Kreml zażądał od Mińska przekazania białoruskiej armii pod swoje dowództwo.

Publikacja: 22.10.2015 21:09

Rodzina Łukaszenków: prezydent Aleksander i syn Kola

Rodzina Łukaszenków: prezydent Aleksander i syn Kola

Foto: AFP

Rosyjski minister obrony Siergiej Szojgu poinformował, że rozpoczęto prace nad „formowaniem wspólnej organizacji wojskowej państwa związkowego", czyli Związku Białorusi i Rosji. Do końca 2018 r. obie armie połączy wspólna „organizacja".

Oprócz jednego dowództwa Szojgu wspomniał też o „realizacji porozumienia o wspólnej ochronie zewnętrznych granic" Związku Białorusi i Rosji oraz „bojowych dyżurach w ramach Wspólnej Regionalnego Systemu Obrony Przeciwlotniczej". W pierwszym przypadku może to oznaczać pojawienie się rosyjskich żołnierzy m.in. na granicy z Polską, w drugim – rosyjskich samolotów w tym rejonie.

Baza czy armia

– Obecnie prawdopodobnie chodzi o powołanie jednego centrum dowodzenia, które przejmie kontrolę nad białoruską i rosyjską armią. Nietrudno się domyślić, kto będzie dominował, ponieważ białoruska armia jest nieporównanie mniejsza i słabsza od rosyjskiej – powiedział „Rz" białoruski analityk wojskowy Aleksander Alesin.

Decyzje, o których mówił rosyjski minister obrony, zostały podjęte na spotkaniu przedstawicieli resortów obrony obu państw. Nie wiadomo jednak, czy dokonano tego za zgodą prezydenta Aleksandra Łukaszenki. Na początku października Władimir Putin podpisał dekret o utworzeniu rosyjskiej bazy lotniczej w białoruskim Bobrujsku. Jednak gdy dowiedział się o tym najbardziej zainteresowany, czyli prezydent Łukaszenko, to gwałtownie zaprotestował.
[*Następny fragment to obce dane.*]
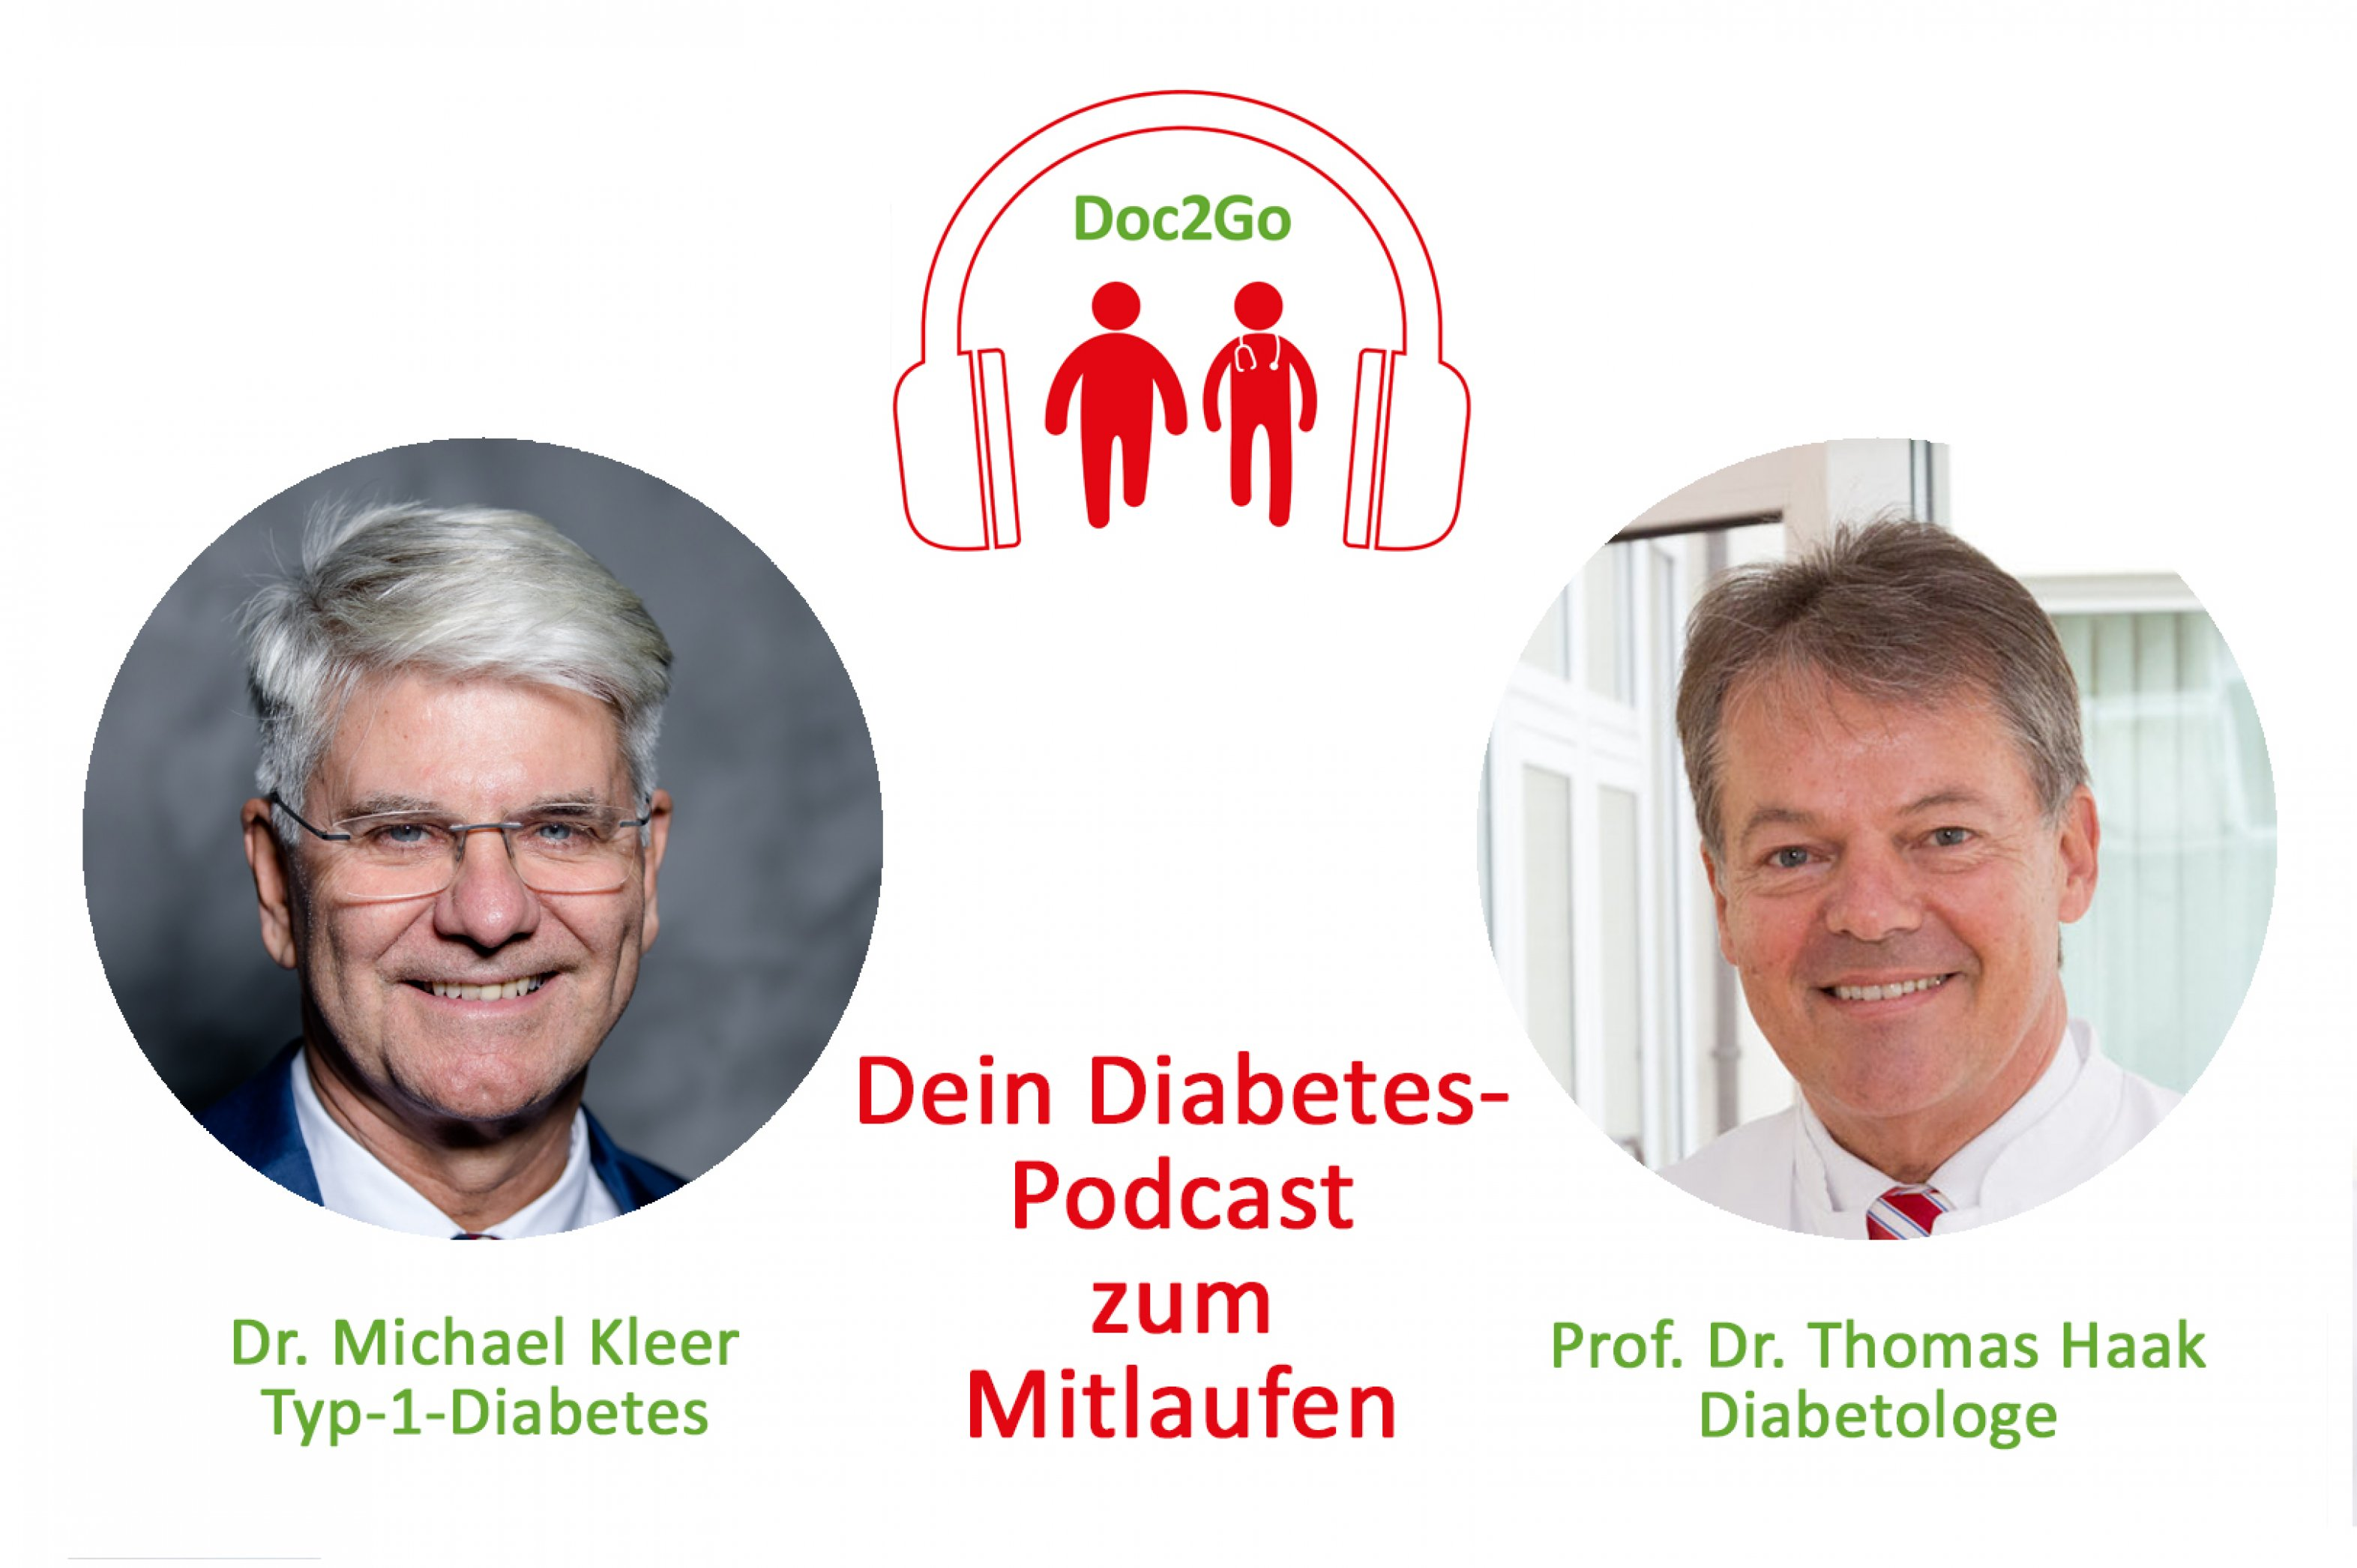 Podcast Doc2Go Staffel 2 Folge 2

Spór w tej sprawie trwa do dziś. Ale teraz zamiast bazy Kreml zażądał całej białoruskiej armii.

– Decyzja o tym, że Białoruś nie będzie państwem neutralnym, została podjęta już wtedy, gdy utworzono tzw. państwo związkowe Białorusi i Rosji. W przypadku jakiegokolwiek konfliktu zbrojnego, który rozpocznie się w regionie z udziałem Rosji, Białoruś automatycznie zostanie wciągnięta do tej wojny – tłumaczy Alesin obecną politykę Mińska.

– Tworząc w zeszłym stuleciu wraz z Borysem Jelcynem państwo związkowe, Łukaszenko marzył o tym, że zajmie miejsce schorowanego prezydenta Rosji. Ale na Kremlu zasiadł Putin i wtedy Łukaszenko zrozumiał, że padł ofiarą własnej głupoty. Od tamtej pory próbuje lawirować między Zachodem i Wschodem – powiedział „Rz" białoruski politolog Aleksander Klaskouski.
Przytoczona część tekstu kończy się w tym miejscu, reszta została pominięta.